Event Horizons
A visit back to Norfolk and the farm these few days, a trip into the past and the future, a place somehow no longer rooted in the present.
The farm was one of the very few places I ever felt safe or happy as a child and now the turned halcyon memories of later life are entwined into any return. For a time the farm was infinitely vast, stretching in that way of the flatlands to the horizon in every direction. All grown I now know it was an hour's leisurely stroll but still I can see these trees on the horizon and remember not being tall enough to see past the wheat to where the world ended, all grown I know now they are close but their ghosts remain a life away.

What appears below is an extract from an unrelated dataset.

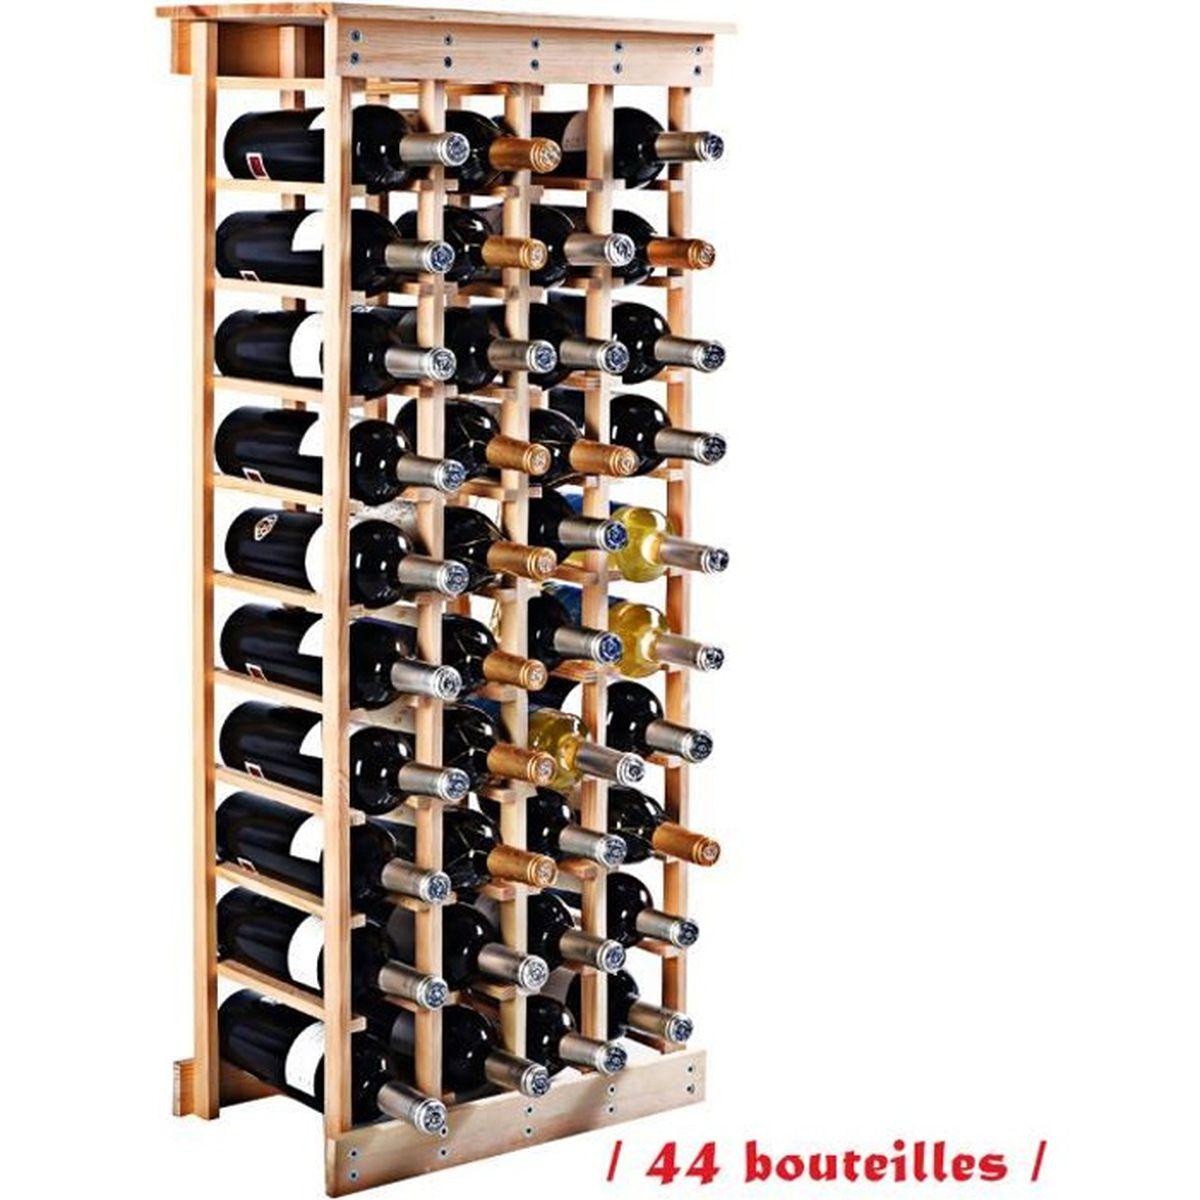 Fabriquer Casier À Bouteilles En Bois Étagère à vin casier à 44 bouteilles en bois de pin robuste

The farm's decline is fitting metaphor for my ninety-two year old Nan. Gardens that were once resplendent now are lost, pathways overgrown - the trails I take to the smashed vineyards or the toppled potting sheds are those of memory - feet following forgotten footsteps. And yet, when I pause and ponder, I stop and sit, I can still see colours brightening, trees shaping and walls holding true - the sense of a labour of love, much like the embrace of family, holds dear past the reality of the present.
Soon I know the farm will pass on, soon there will come a day I can no longer visit, those memories of yesteryear need to be shored up whilst I can, held fast in the gloaming glow of love. I can find peace with that, Nan and the farm are forever entwined, one without the other would seem untrue to either. But for now both endure.